DeBunkem wrote:Yes this is religion, too, IMO. I'm puzzled by the effort of the Pentagon to implant the idea of US troops as "warriors." I find it repulsive. What other advanced nation is doing this? Is "soldier" too tame? "Warrior" connotates bloodthirsty barbarian hordes such as Goths, Huns, and Mongols. "Soldier" connotates the armies os civilized nations with advanced laws, such as Rome, England, and the (former) USA.
I personally feel that 'soldiers' are worse than 'warriors', but that's from my study of the history of antiquity - the Germanic tribes of Northern Europe and the Turkic and Mongol tribes of Central Asia and Siberia generally did not wage pre-emptive wars of conquest (the vast majority of their fighting being of the horse-rustling family / tribal feud variety). The barbarian 'warriors' mounted these massive marauding campaigns which 'civilised' people came to fear only when they were slaughtered and evicted from their homes, almost always by those peoples who considered themselves 'civilised' enough to have 'soldiers'. The Huns couldn't have happened if the Qin and Han Emperors hadn't fought constant wars of expansion against them, assimilating them or pushing them west, and the Vandals couldn't have happened if they hadn't been pressured by the imperial expansion and assimilation of Rome and (later) the 'wandering' rampage of the Huns.
As to richardP's stance on US-orchestrated coups, as a Christian I am called to oppose all forms of imperial violence.
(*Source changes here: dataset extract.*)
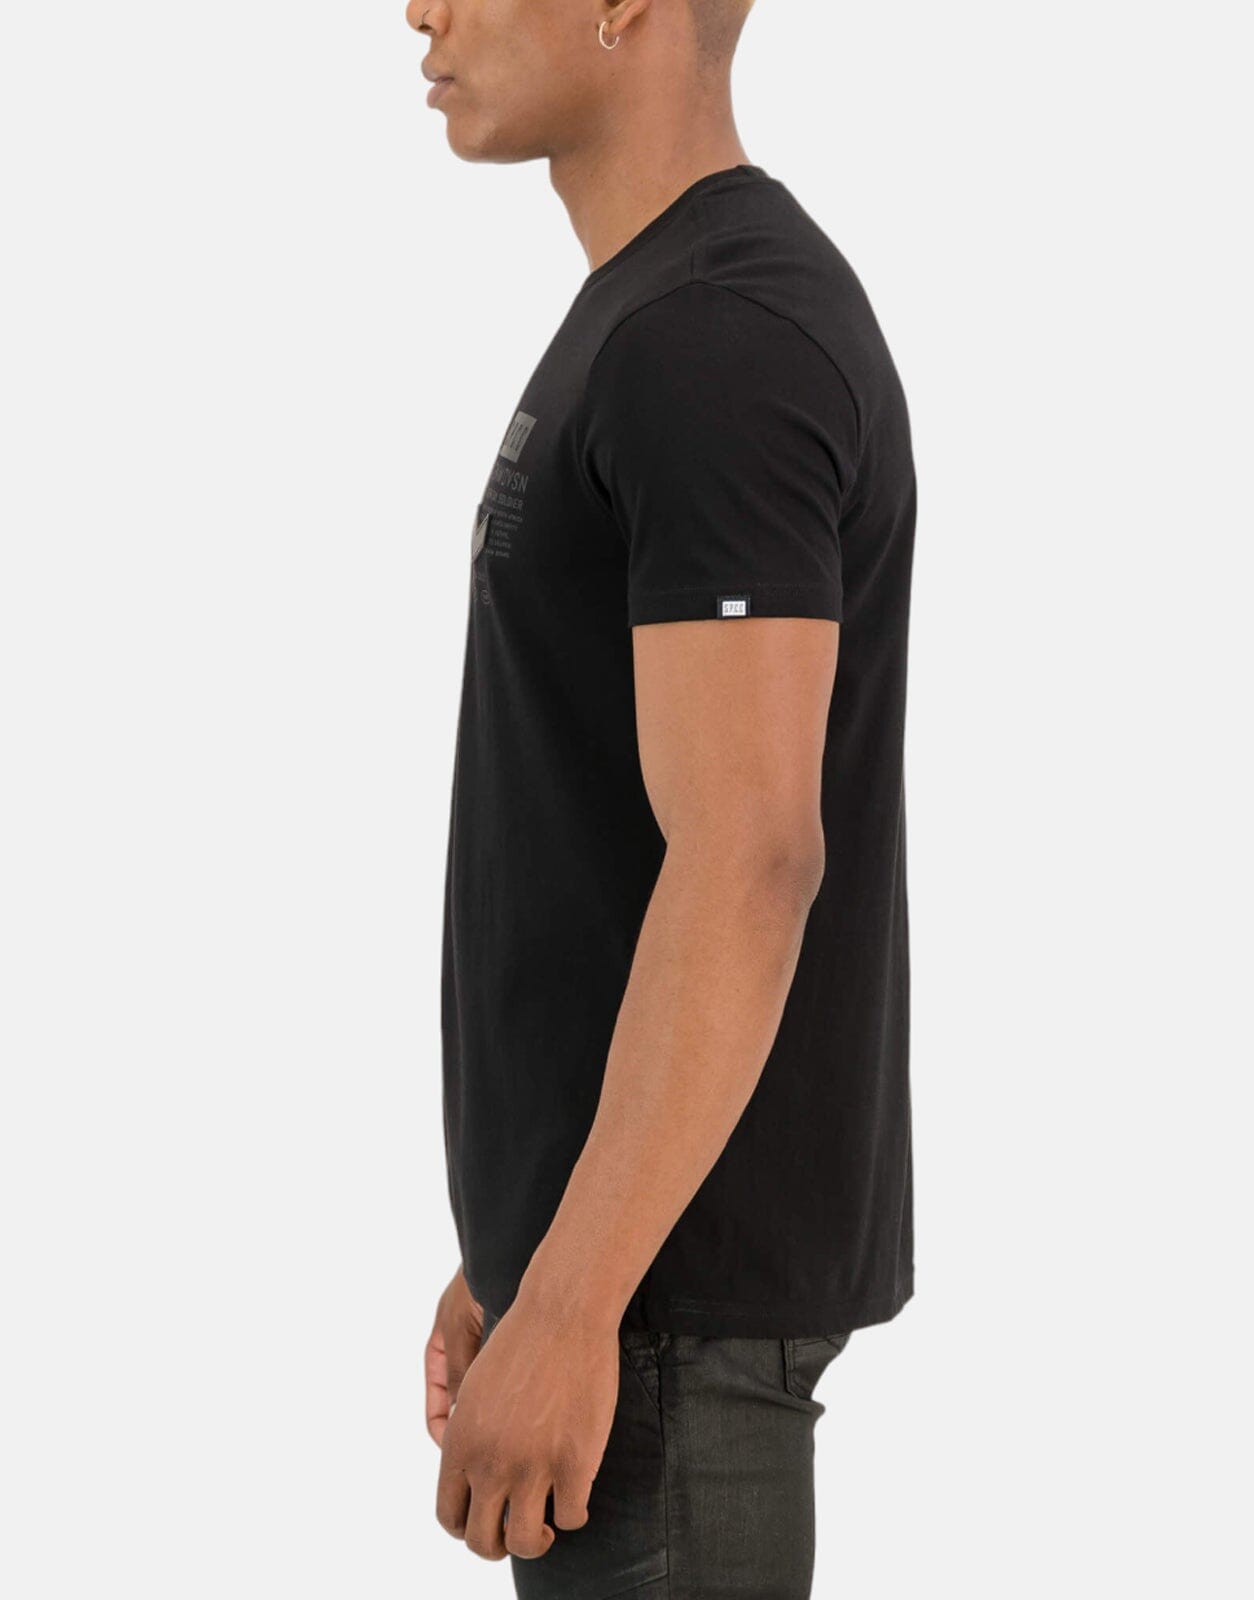 SPCC Vega Black T-Shirt - Subwear

To side with the British government against India or the US government against Vietnam, Chile, Nicaragua, Granada or (most recently) Iraq is to side with Pontius Pilate over against Christ - choosing the way of the sword over the way of the cross.
Within Christianity there are two perspectives (
and only two) which have the full weight and authority of Scripture and Church tradition behind them. The first and most commonly held by the Church Fathers is that of principled opposition to
all forms of violence and the practice of total nonviolence. The second is that of just war as articulated by S. Augustine of Hippo -
proportional,
with right intention and declared by an
accountable power as a
last resort (not pre-emptively) in pursuit of a
just cause. No war can be considered just unless it has been publicly considered against and conforms to
all of these standards.
As to the 9/11 conspiracy - I can't really say it better than cnorman18 already has. It is irrational to lend such heavy credence to conjecture rather than to established facts.